# contender elite limbs?



## outback jack (Aug 12, 2006)

As far as the speed I only wish I could tell you(that would mean I already got it). But I ordered mine with spirals and 3000 limbs. I checked my ultra with the same set up and 28" draw @ 56 lbs with a 320 gr G.T. 22 and got 273 with it. So I'm guessing the contender will be right in there.


----------



## Bobmuley (Jan 14, 2004)

I have the 3000s @ 29" and spirals. Previous experience with an Ultra with the same combo left no doubt how it would fit me.:smile:


----------



## JMJ (Jul 17, 2008)

2K limbs w/Sprials
52# @ 28"
296 grain arrows

292 FPS (with witnesses ... I wouldn't have believed it)


----------



## Moparmatty (Jun 23, 2003)

Contender Elite
60 pounds
XT3000 limbs
30" Spirals (5.0 Spiral)
386gr CXL250 for indoors

275fps


----------



## buckoff6183 (Oct 16, 2008)

3000 limbs, spirals, 29 in , fully set up at 60 lbs, speciality peep, and all 309fps.


----------



## Kale (Jul 29, 2007)

my buddys with 3000's and 30 inch sprials puts a 378 grain arrow out at 296 fps at 60 pounds.....


----------



## Kills Shills (Feb 8, 2010)

Moparmatty said:


> Contender Elite
> 60 pounds
> XT3000 limbs
> 30" Spirals (5.0 Spiral)
> ...


that sounds at least 10 fps low to me?


----------



## Moparmatty (Jun 23, 2003)

buckoff6183 said:


> 3000 limbs, spirals, 29 in , fully set up at 60 lbs, speciality peep, and all 309fps.





Kale said:


> my buddys with 3000's and 30 inch sprials puts a 378 grain arrow out at 296 fps at 60 pounds.....





Kills Shills said:


> that sounds at least 10 fps low to me?




I need to play with the cam rotation. The only thing I've done with it throw new strings on it and shoot it. I need to run it through my chrony. The 274 is from the shop I go to and I don't fully trust it. Sometimes it works. Sometimes it doesn't.


----------



## ruttinbuck (Mar 4, 2004)

Mine has 3000 limbs with 3.5 spirals. They are a 28.5" cam with cables twisted up to get 28.75". So with a 326 gr arrow at 62 lbs I am getting 299/300. Archers Advantage says 307 at 5 grs per pound. Not bad out of a 41" bow.


----------



## JawsDad (Dec 28, 2005)

Moparmatty said:


> I need to play with the cam rotation. The only thing I've done with it throw new strings on it and shoot it. I need to run it through my chrony. The 274 is from the shop I go to and I don't fully trust it. Sometimes it works. Sometimes it doesn't.
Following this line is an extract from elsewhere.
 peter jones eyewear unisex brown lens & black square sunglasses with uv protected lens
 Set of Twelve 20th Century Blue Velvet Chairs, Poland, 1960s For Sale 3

I don't think you're far off.. You're 10 pounds of draw weight under and 86 grains over on arrow weight from IBO spec. Unless I'm wrong, that's pretty close to being right on. I'm not a speed freak so I don't pay THAT close attention to what every little change gets you, but I thought I remember hearing/reading that you lose 2 fps for every pound of draw weight, and 1 fps for ever 5 grains on the arrow.

310 is your starting IBO, subtract 20 for the 10 less pounds puts you at 290, subtract another 17 for arrow weight puts you at approximately 273.

Sounds pretty close to on spec to me. But then again, 272, 277, 282.. It's all the same to me.. I'm pushing out a whopping 212 with my Vantage Elite right now.. :becky:


----------